» The data
"""
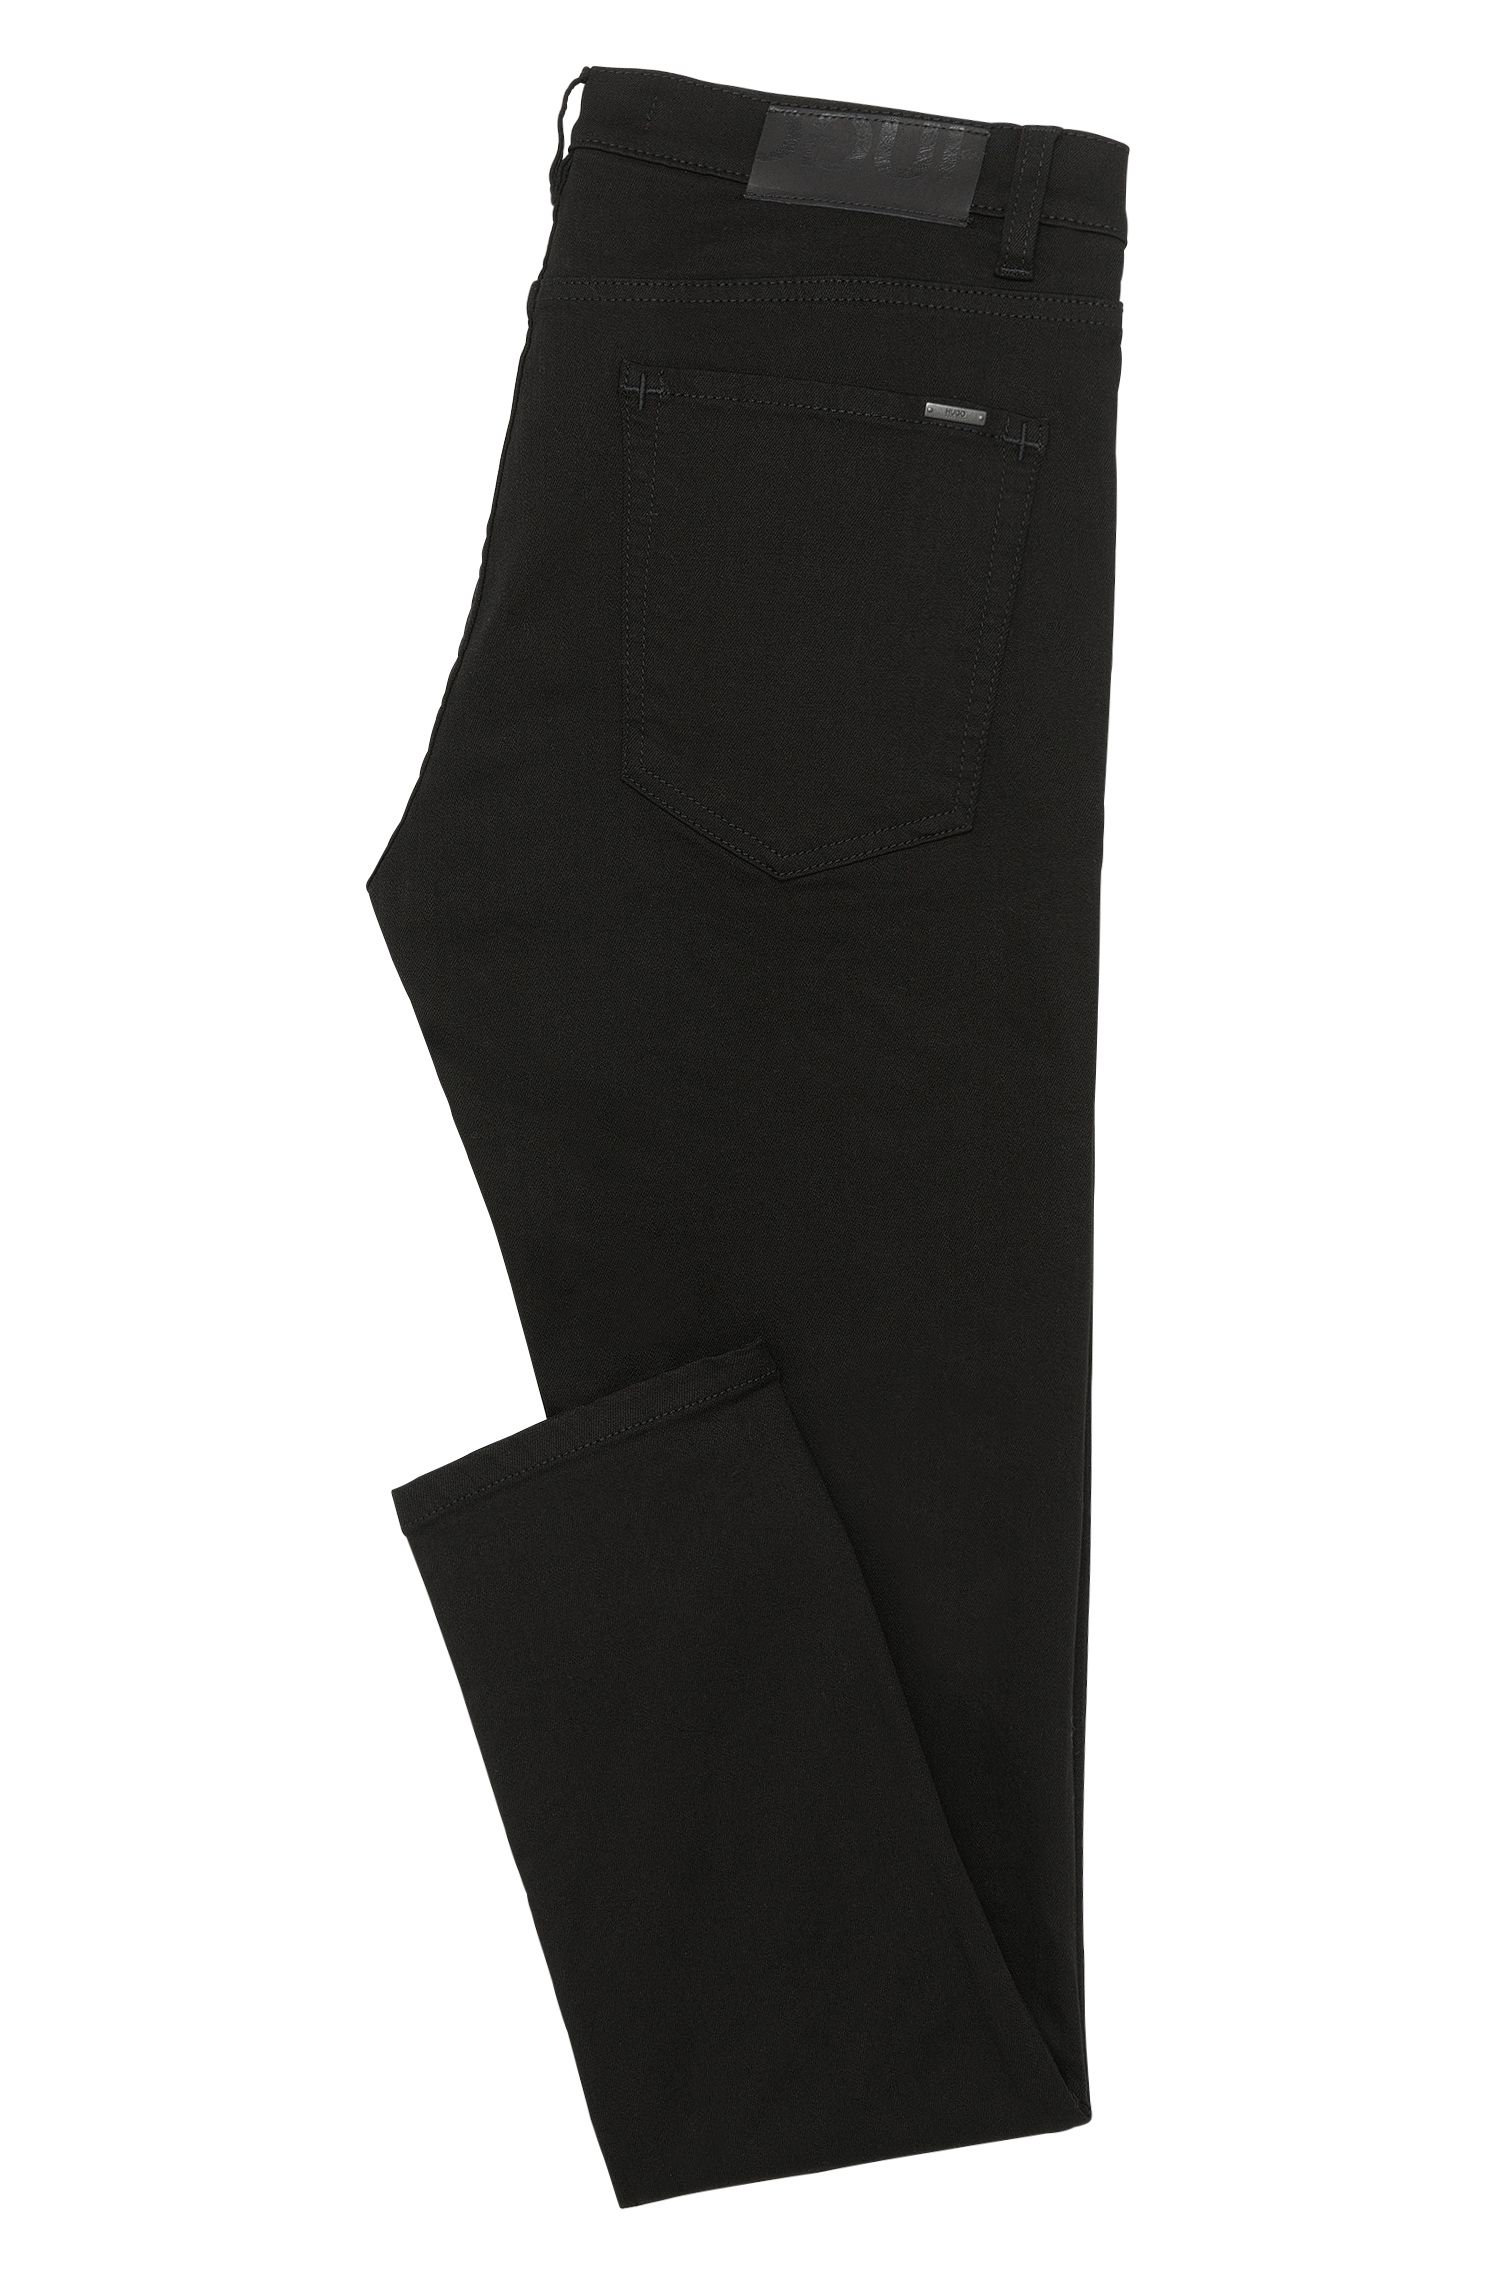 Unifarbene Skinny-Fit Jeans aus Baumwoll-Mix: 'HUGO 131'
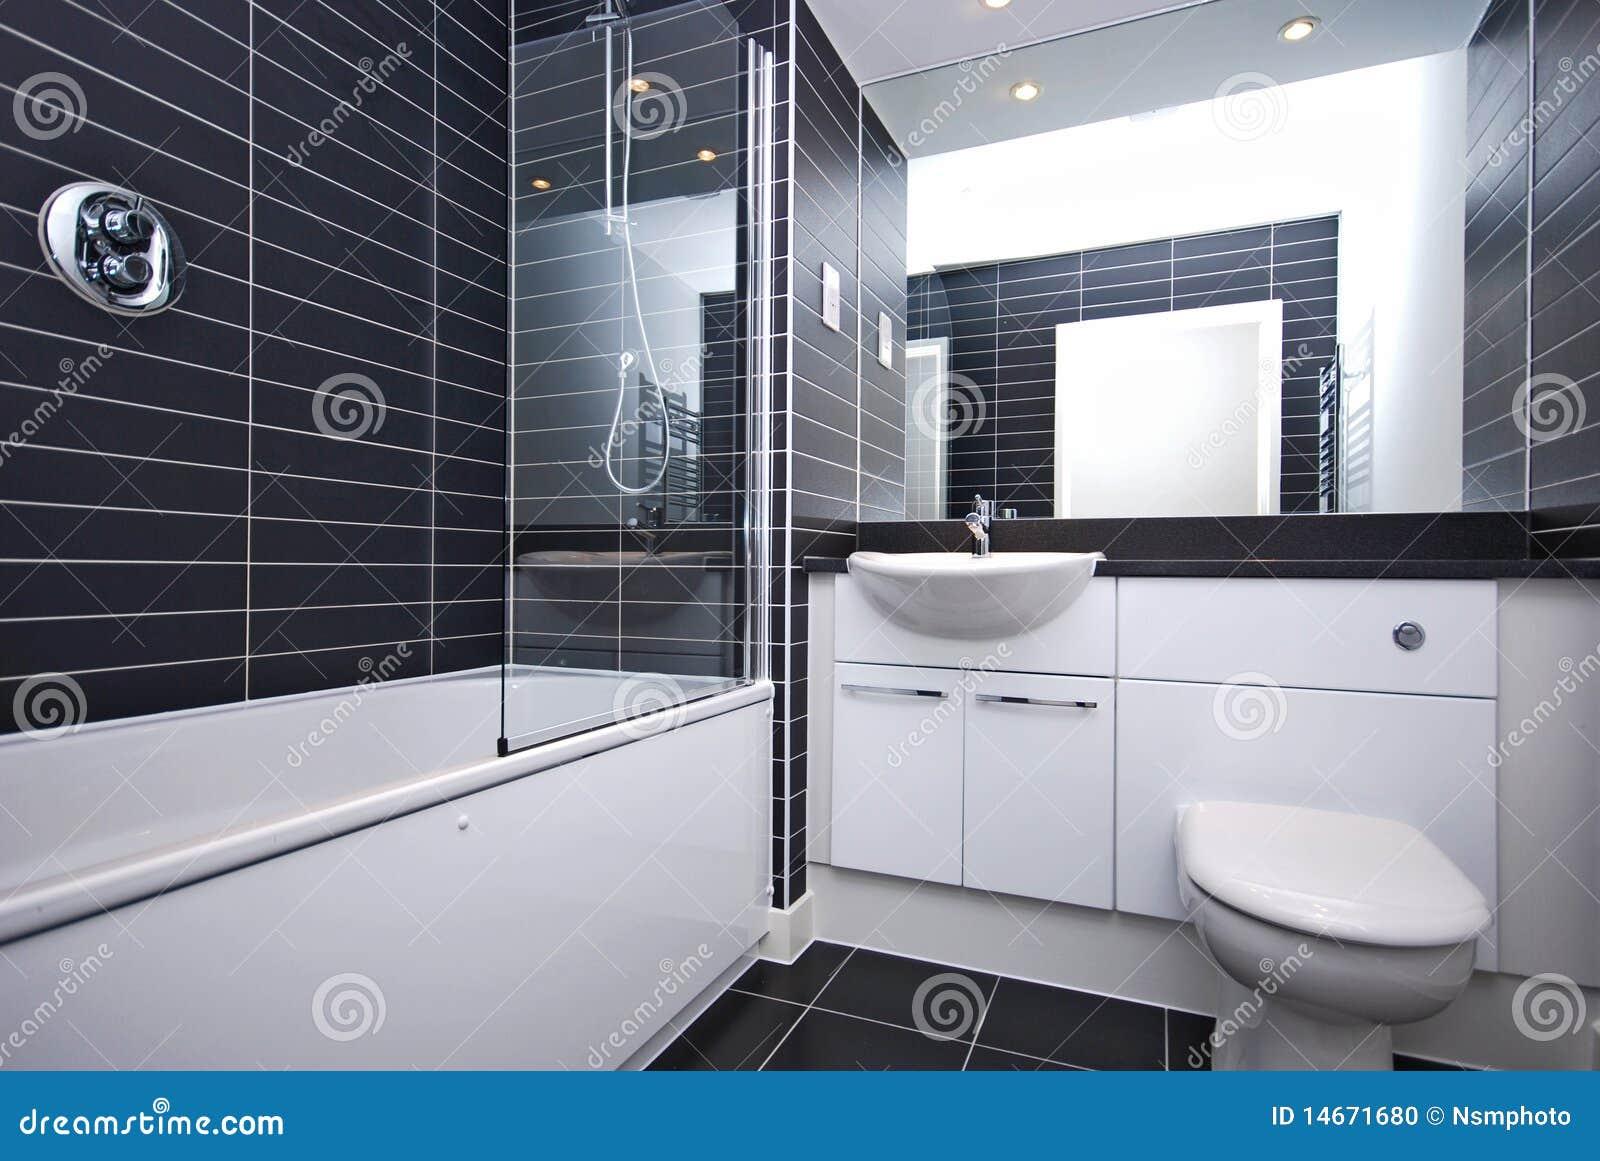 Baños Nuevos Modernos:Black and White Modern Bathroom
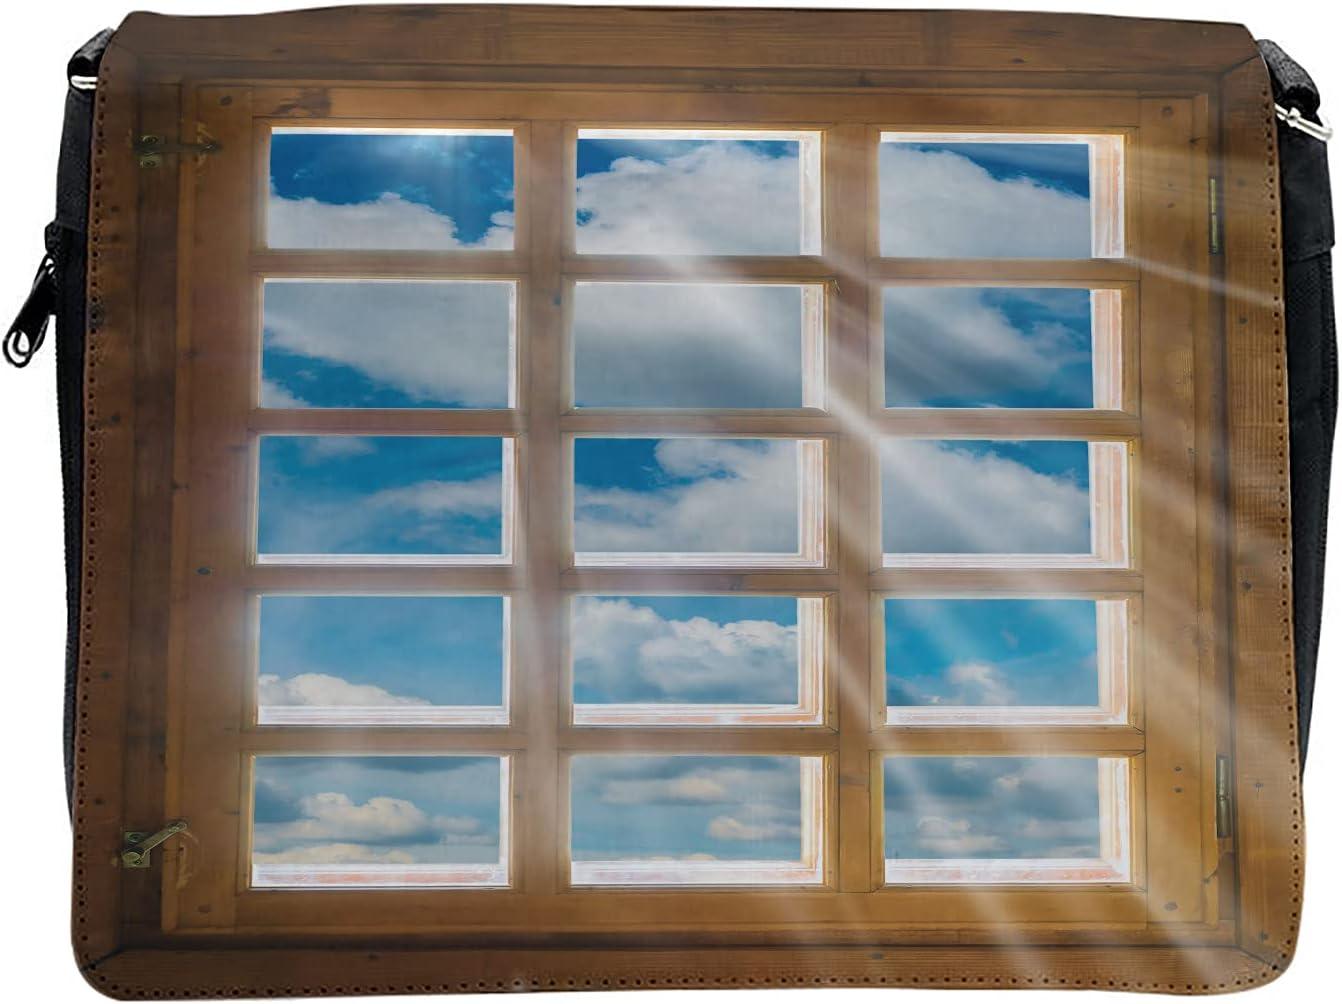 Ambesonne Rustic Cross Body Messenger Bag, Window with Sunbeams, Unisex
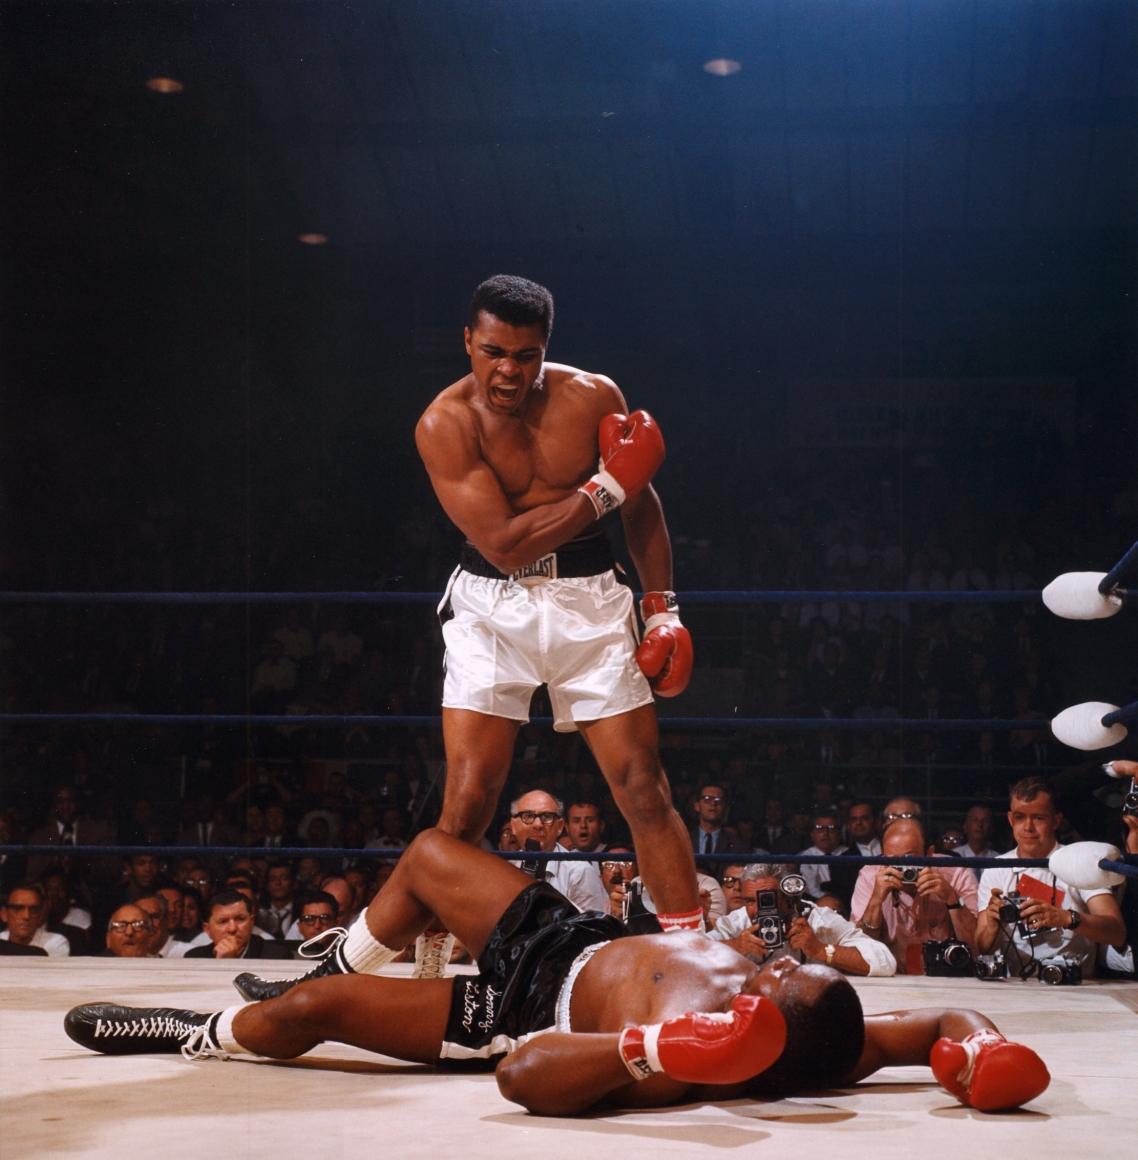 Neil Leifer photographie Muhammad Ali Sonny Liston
"""
Using the data above, write out every line exactly, leaving the images behind.

» Exercise solution
 Unifarbene Skinny-Fit Jeans aus Baumwoll-Mix: 'HUGO 131'
 Baños Nuevos Modernos:Black and White Modern Bathroom
 Ambesonne Rustic Cross Body Messenger Bag, Window with Sunbeams, Unisex
 Neil Leifer photographie Muhammad Ali Sonny Liston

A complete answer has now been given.